_EXERCISE:_ Set down the whole listing below exactly. The pictures stay out.

SOURCE MATERIAL section start

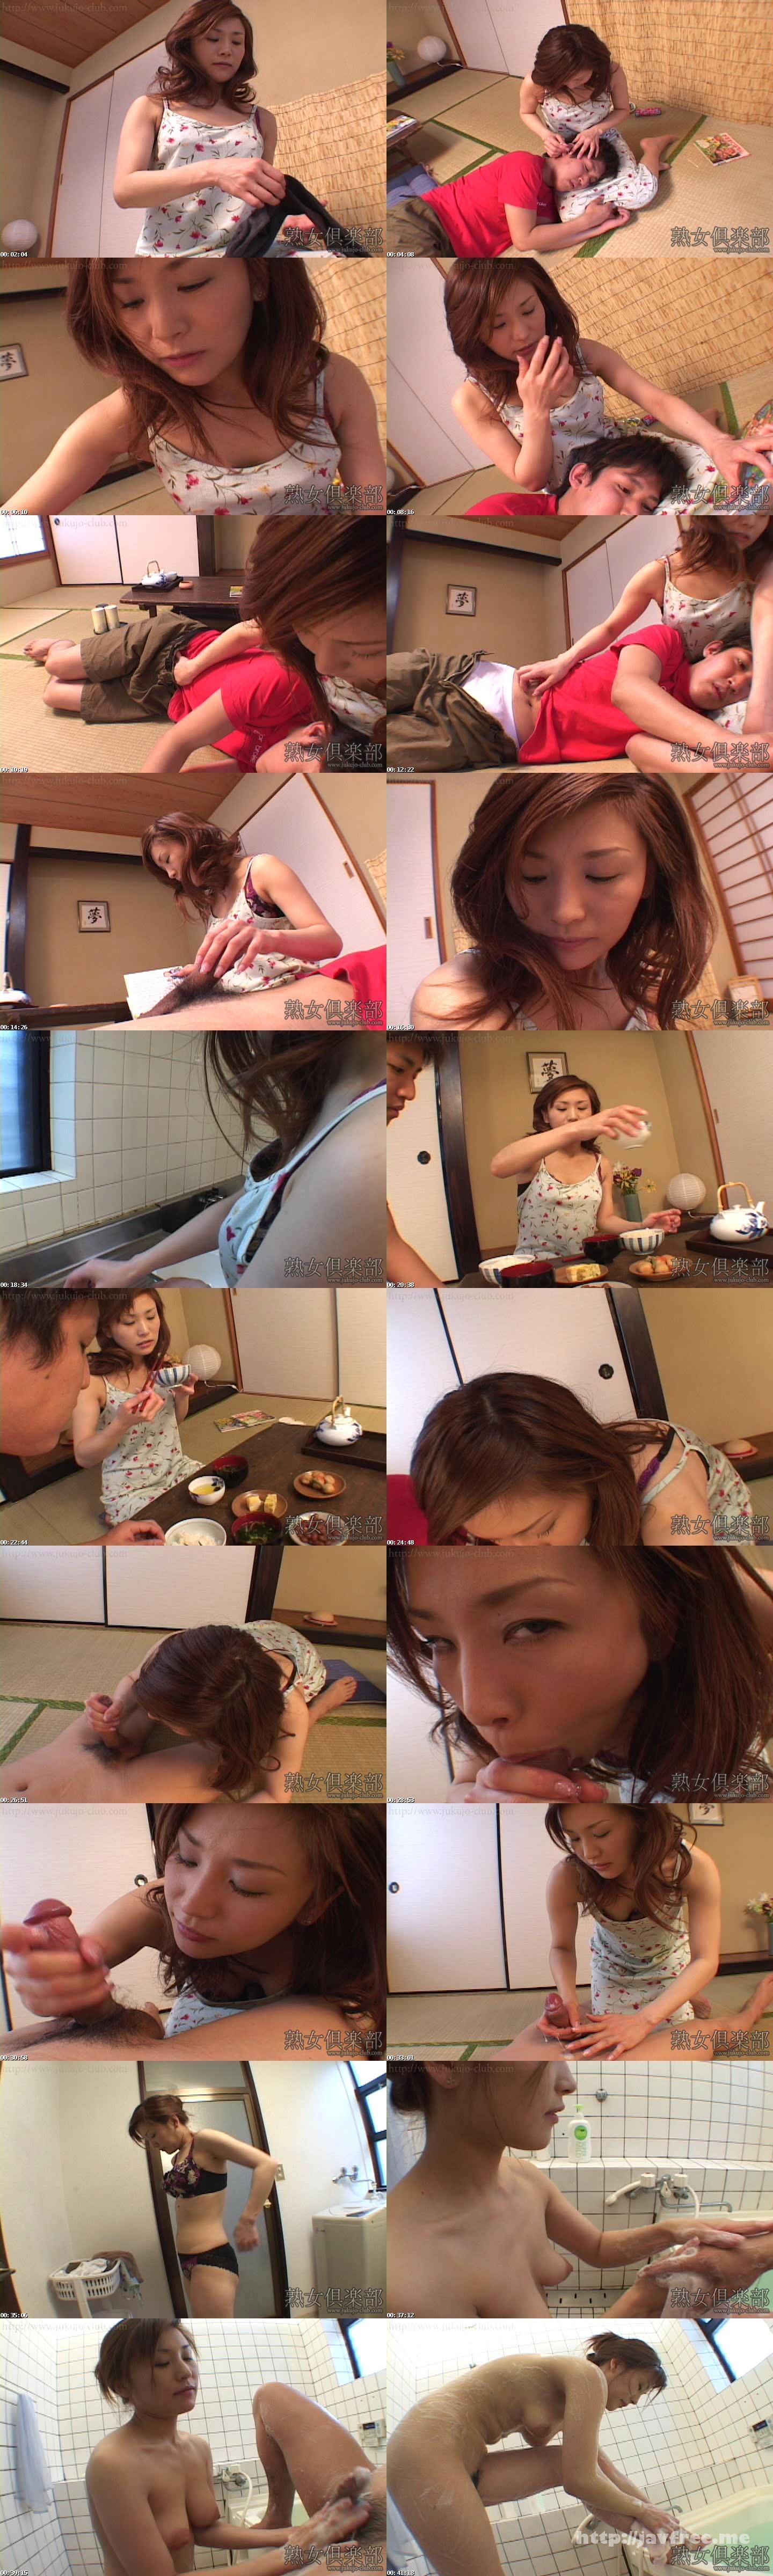 Jukujo-club 5200 藤沢翔子 家族を愛して何が悪い?! 第1話 - 熟女倶楽部 - image jukujoclub-5200 on https://javfree.me
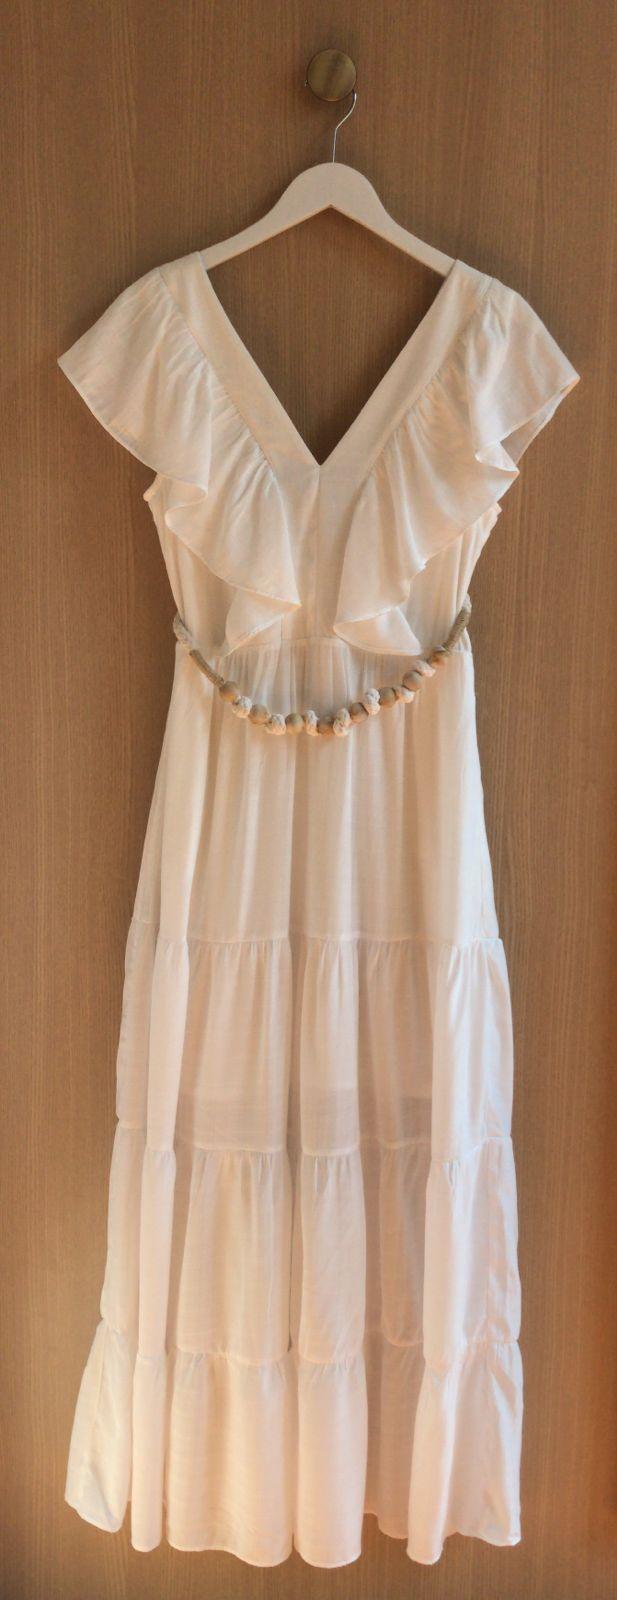 Vestido Clemence Viscocrepe (Forro) Detakhe Babados + Cinto Corda
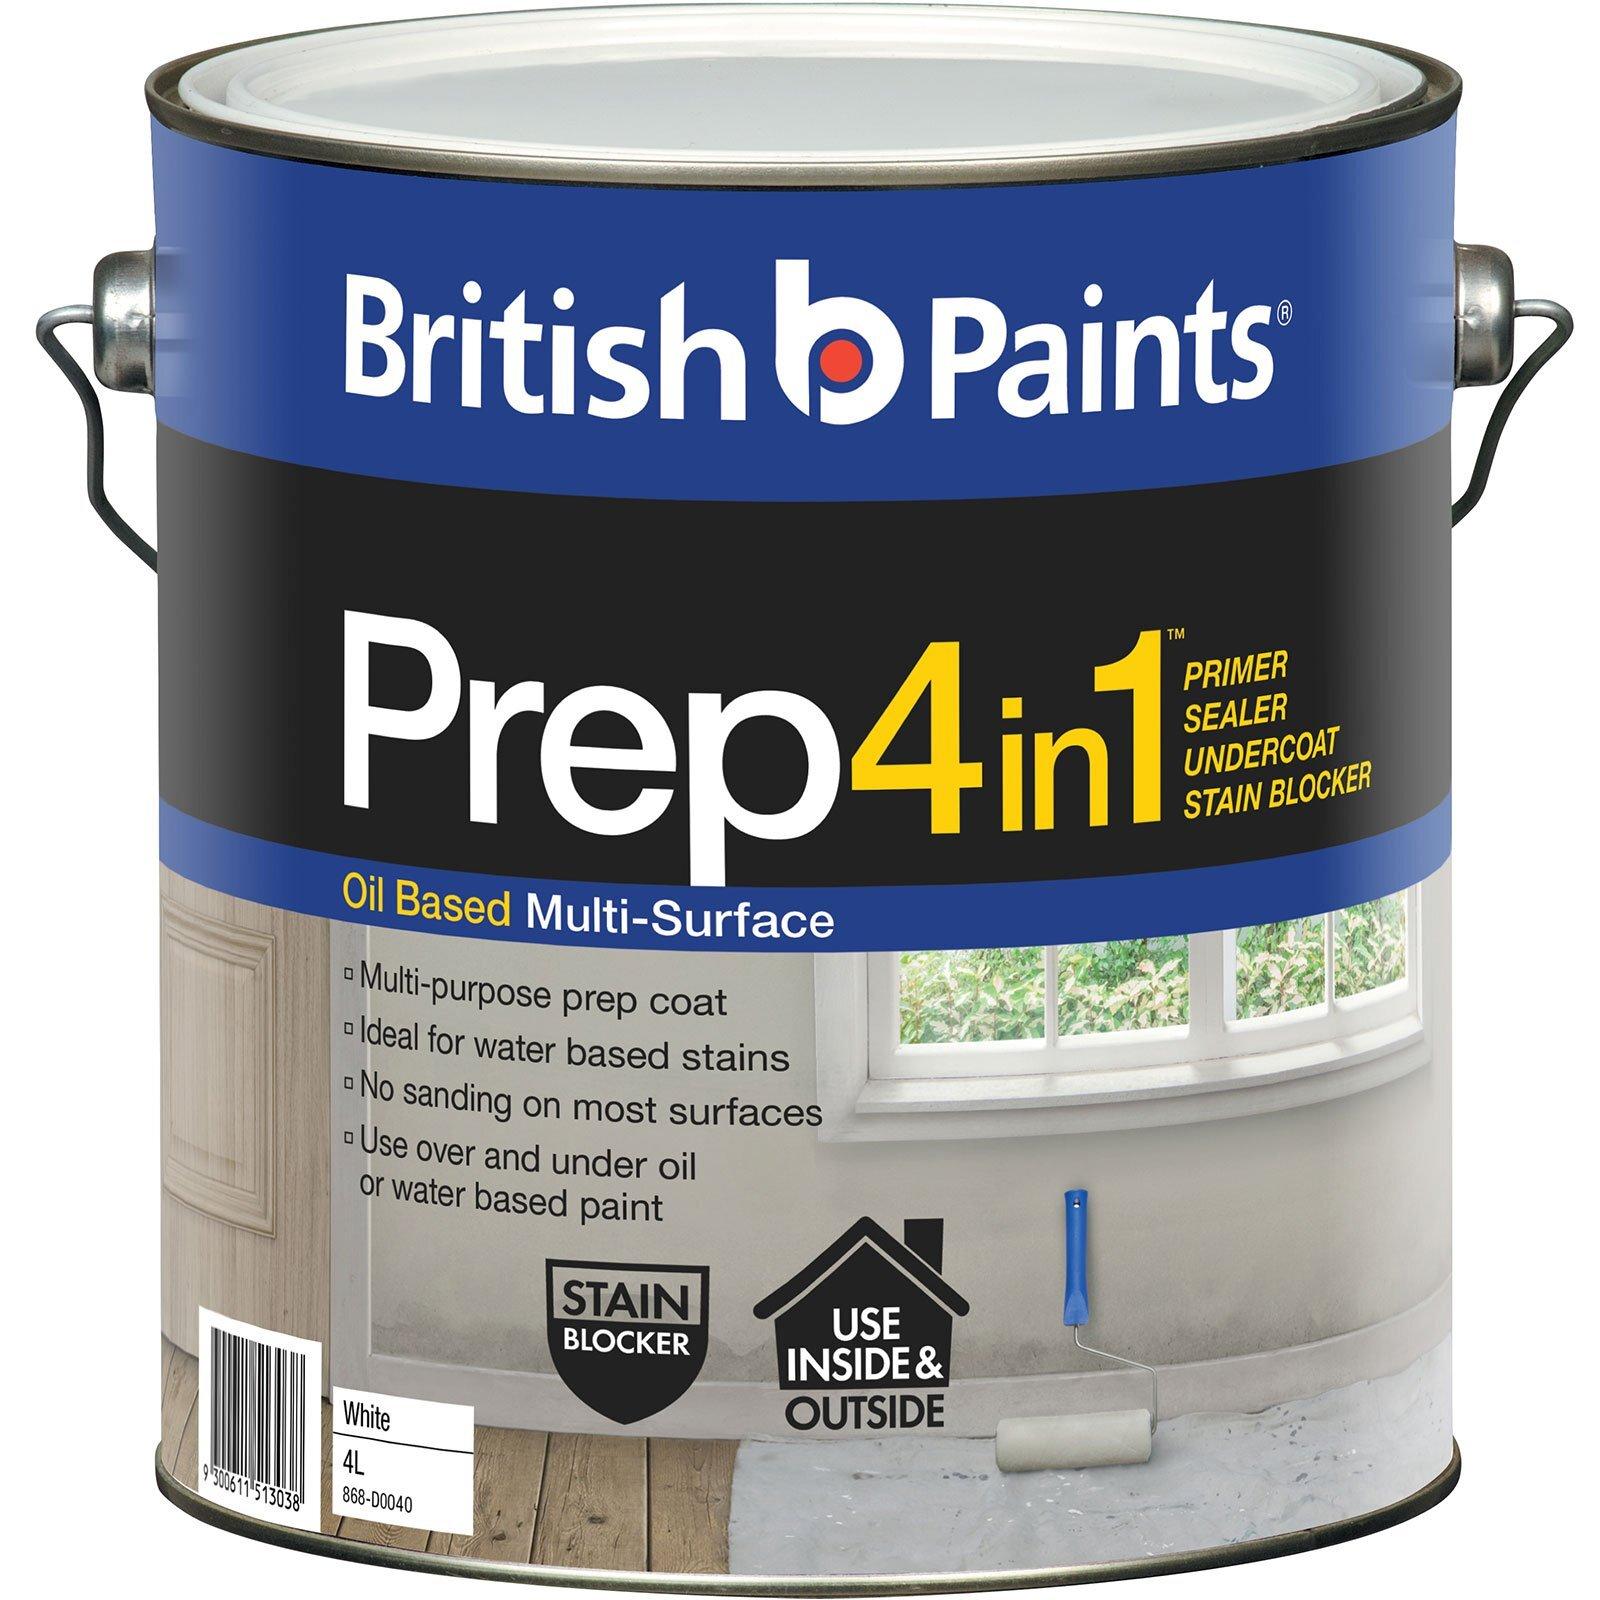 British Paints 4L Prep 4 In 1  White Oil-Based Primer Sealer Undercoat

SOURCE MATERIAL section end

_WRITTEN ANSWER:_
 Jukujo-club 5200 藤沢翔子 家族を愛して何が悪い?! 第1話 - 熟女倶楽部 - image jukujoclub-5200 on https://javfree.me
 Vestido Clemence Viscocrepe (Forro) Detakhe Babados + Cinto Corda
 British Paints 4L Prep 4 In 1  White Oil-Based Primer Sealer Undercoat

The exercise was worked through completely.